Your objective:
What is needed is an exact reproduction of the lines in the records below, starting at the line with "Dead Space 3 Wallpapers" and ending at the line with "Cờ Hàn Quốc: Hình", both included, and nothing else; pictures stay out.

Data to use:
◆ ◆ ◆ ◆

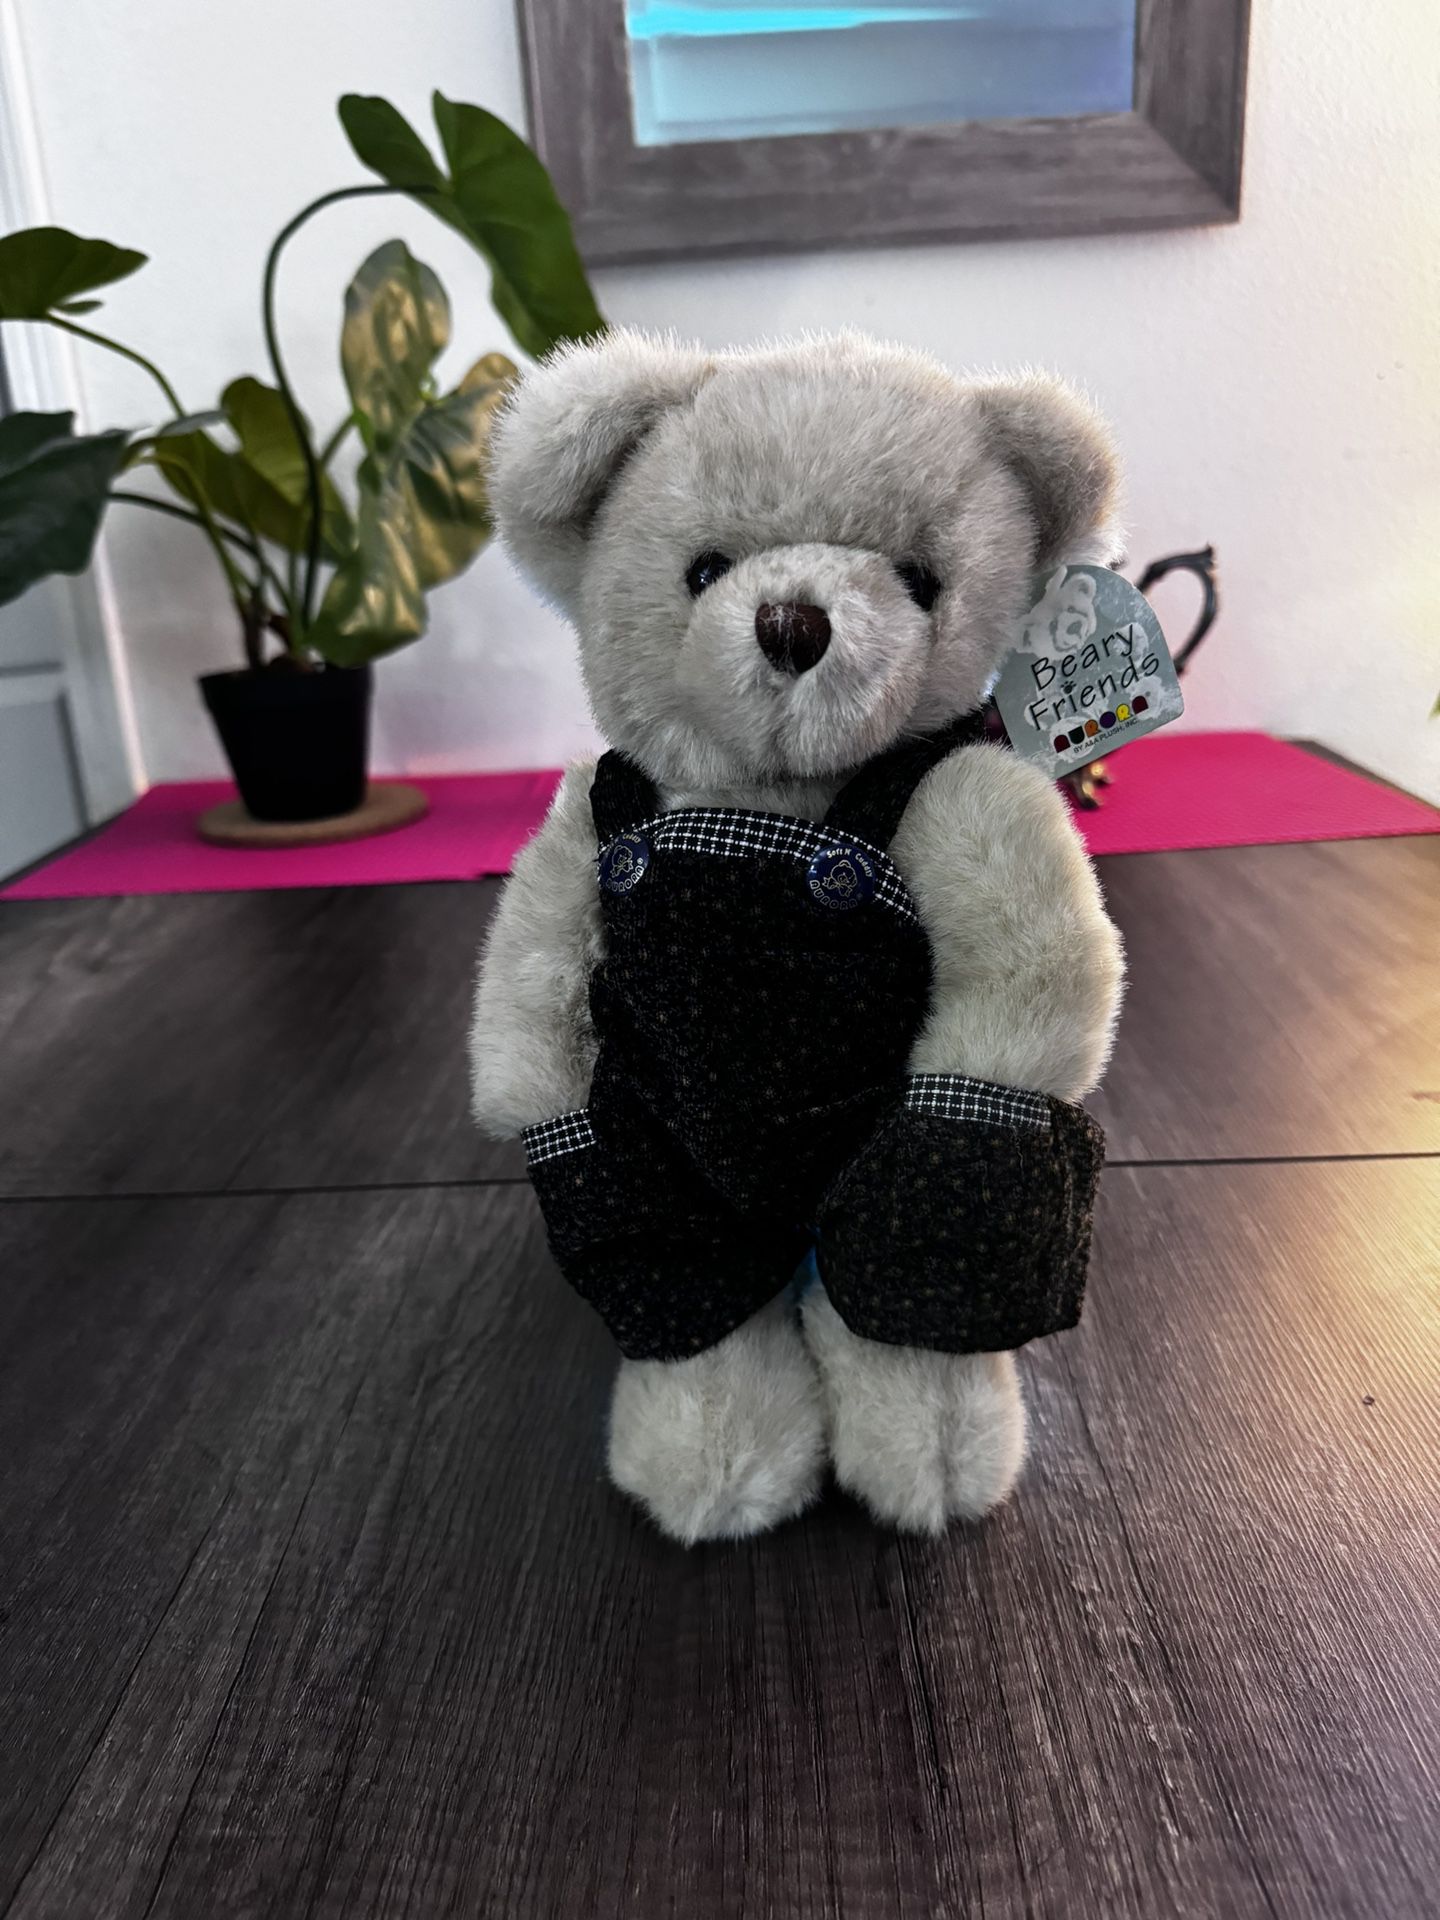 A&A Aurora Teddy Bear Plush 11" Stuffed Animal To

◆ ◆ ◆ ◆

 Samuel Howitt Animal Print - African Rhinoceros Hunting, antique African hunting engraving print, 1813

◆ ◆ ◆ ◆

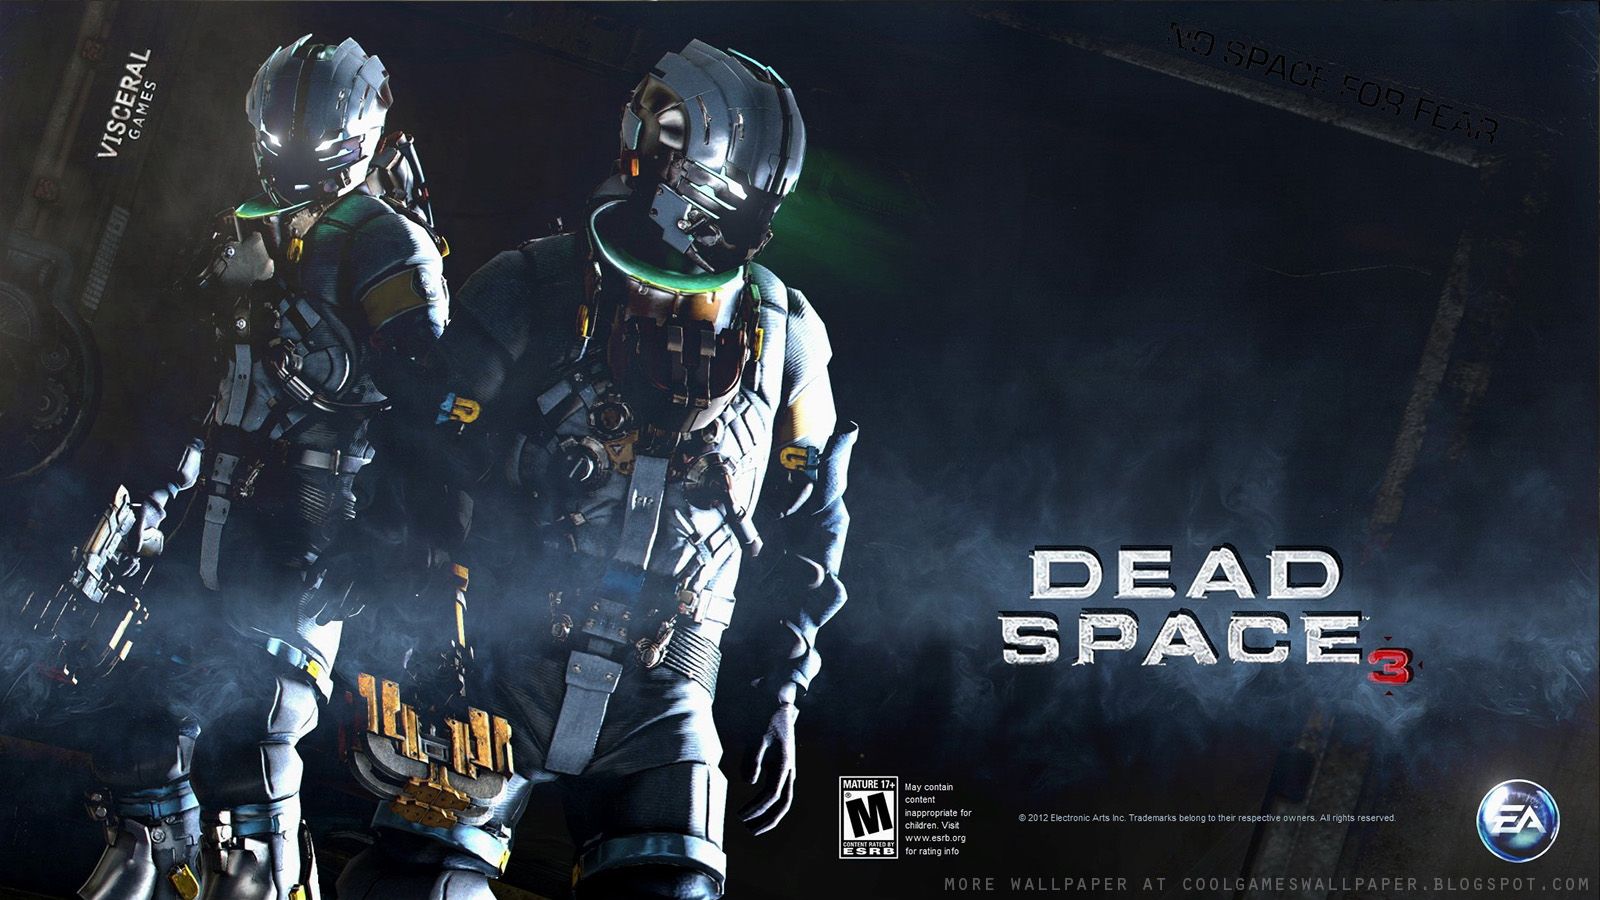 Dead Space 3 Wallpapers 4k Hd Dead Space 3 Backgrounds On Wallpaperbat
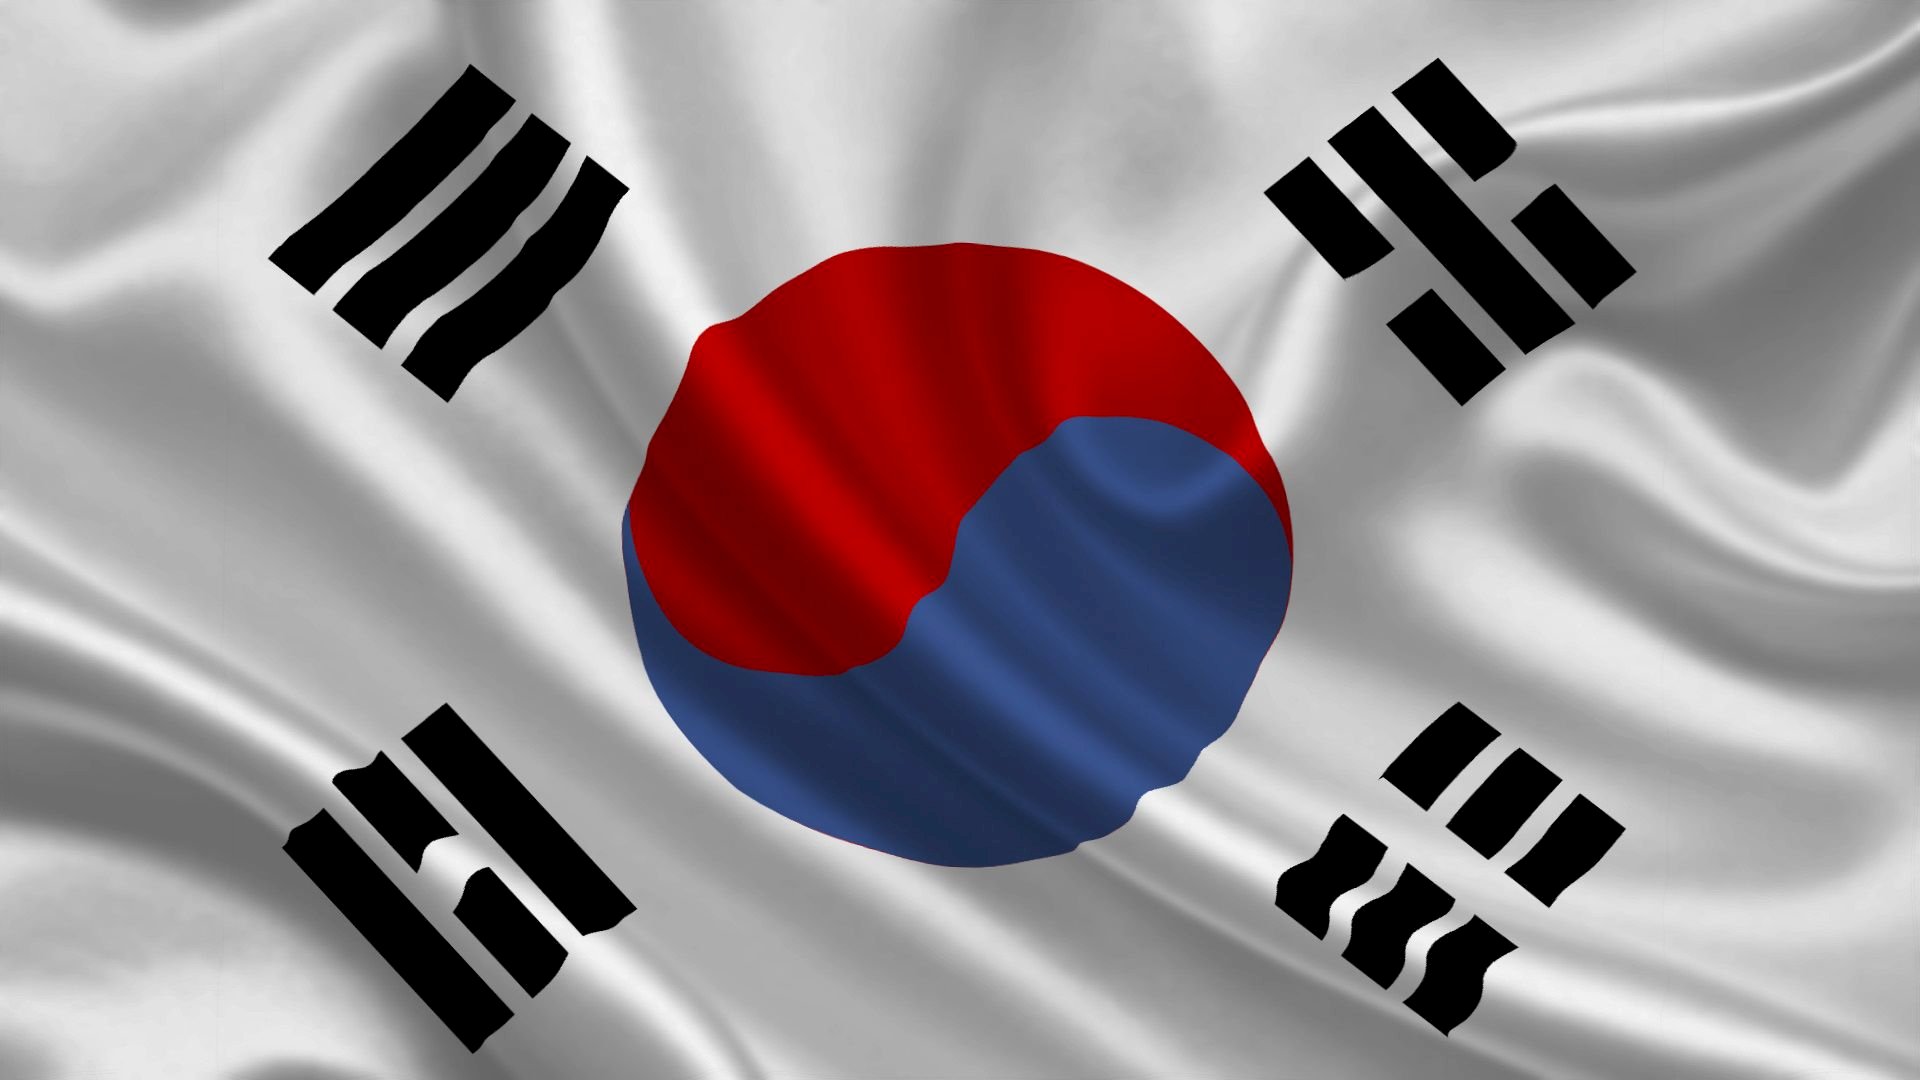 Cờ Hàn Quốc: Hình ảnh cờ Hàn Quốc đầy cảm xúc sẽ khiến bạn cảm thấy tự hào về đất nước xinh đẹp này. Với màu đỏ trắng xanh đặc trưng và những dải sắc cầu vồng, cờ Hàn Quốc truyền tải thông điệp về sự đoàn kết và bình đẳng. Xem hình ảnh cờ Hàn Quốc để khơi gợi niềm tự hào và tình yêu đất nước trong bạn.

◆ ◆ ◆ ◆

Response to this exercise:
 Dead Space 3 Wallpapers 4k Hd Dead Space 3 Backgrounds On Wallpaperbat
 Cờ Hàn Quốc: Hình ảnh cờ Hàn Quốc đầy cảm xúc sẽ khiến bạn cảm thấy tự hào về đất nước xinh đẹp này. Với màu đỏ trắng xanh đặc trưng và những dải sắc cầu vồng, cờ Hàn Quốc truyền tải thông điệp về sự đoàn kết và bình đẳng. Xem hình ảnh cờ Hàn Quốc để khơi gợi niềm tự hào và tình yêu đất nước trong bạn.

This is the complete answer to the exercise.